There’s no doubt the system (like any system) can be abused. That’s why humans are the backstop. But it’s all predicated on community involvement through flagging. Way to much is posted on the BBS to hope mods will just “stumble across” flaggable content.
We’ve all seen this justification before - just ignore them, if enough ignore a user the mods will take a look, etc. This is largely ignorant of realities that there are people that some of us simply never want to interact with. Period.
Sometimes these users get banned, many times they don’t because they otherwise follow the rules but rub me the wrong way and I have no desire to ever read their posts.
So, now we have to micromanage these ignore lists because there’s a forced expiration. It feels like extra complexity that nobody asked for.

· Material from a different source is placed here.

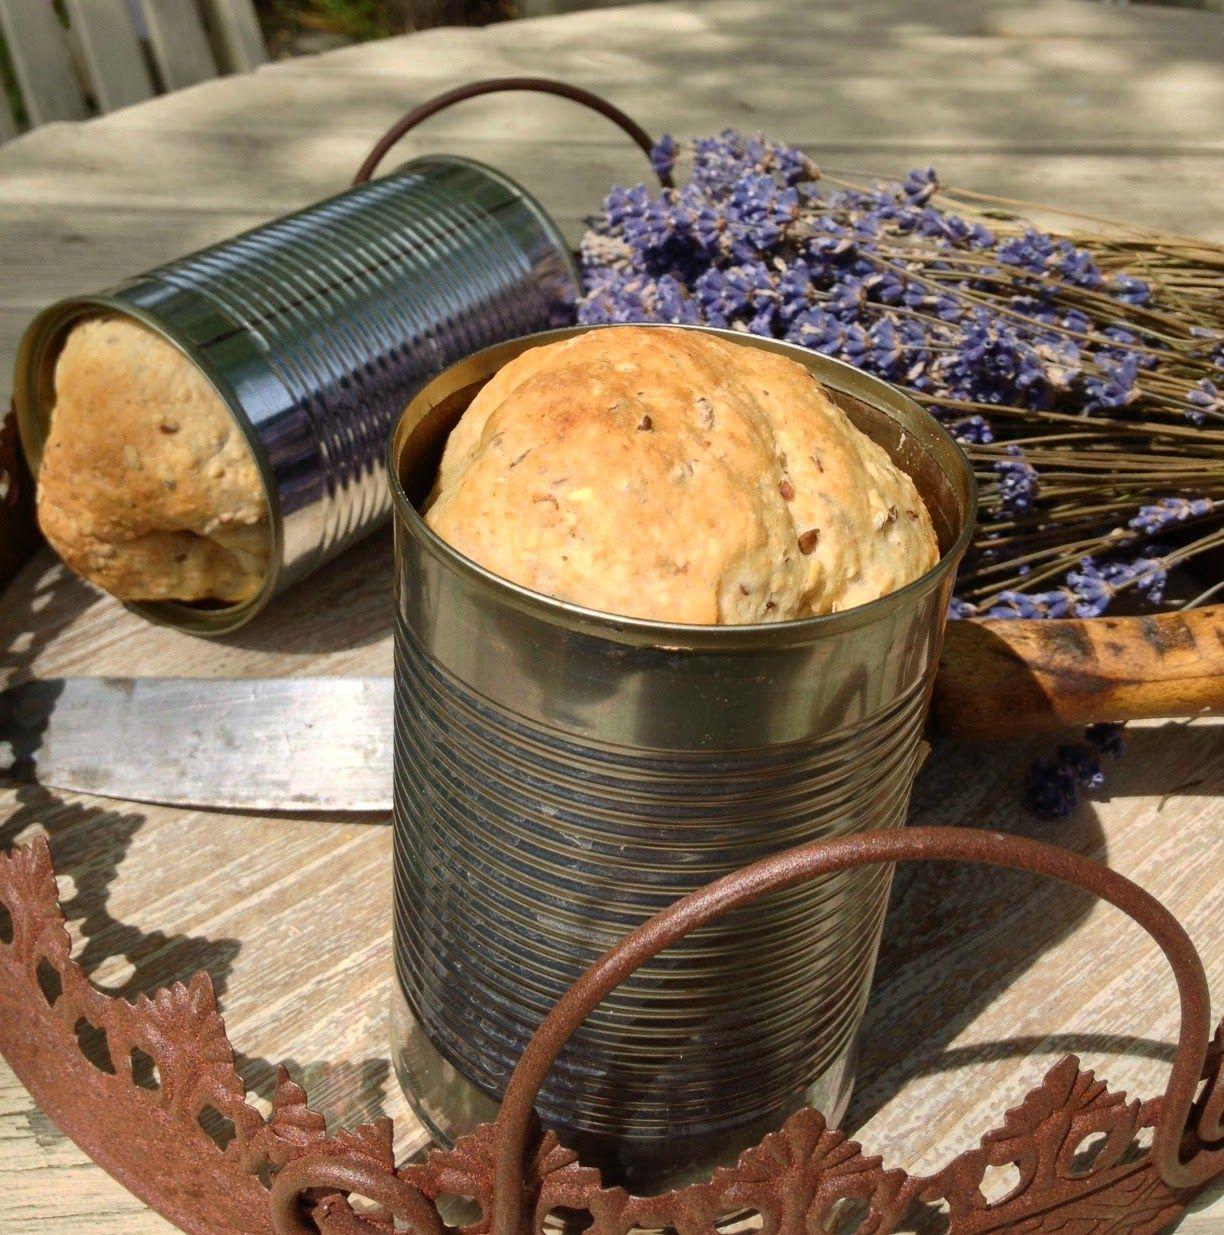 Campfire Tin Can Bread 4serv 1bread Dough Butter Margarine 1

Very recently, I’ve suspected that same pathetic behaviour of at least one user who asked to be anonymised and then returned with a backup account they’d set up when they saw that their “brilliance” was being increasingly Ignored. I can’t prove anything and don’t care to, but since the new account is acting the same as the old one I just put that one on Ignore, too.
As I understand it, if an account exceeds a certain level of Ignores by the community the moderator is alerted to a potential problem user. Perhaps that, combined with a flag alerting the mod to the suspicion, might prompt a quiet warning from the mod to the user in question.
I also find the forced expiration date odd. I would assume the almost no-one uses any option except for four months, on the reasonable assumption that any user obnoxious enough to make one’s list is so iredeemable that one would prefer never to hear from them again.
I get that, but the design of this software is basically so that people can’t set up little circles and cliques using permanant ignore. IT’s viewed as an anti-pattern to communication. So, if you really want to do it, it forces it onto the user to reset the ignores each time. The feeling is, if you have a large number of people on ignore, you might not be the right fit for the particular community the discourse server is servicing.
My point is, the ignore being the way it is is an intentional design decision, and the best you can do is keep resetting it, flag people who send harassing or threatening messages, and if that’s not enough, try to convince @codinghorror to make it a permanant feature or leave the community that’s using discourse.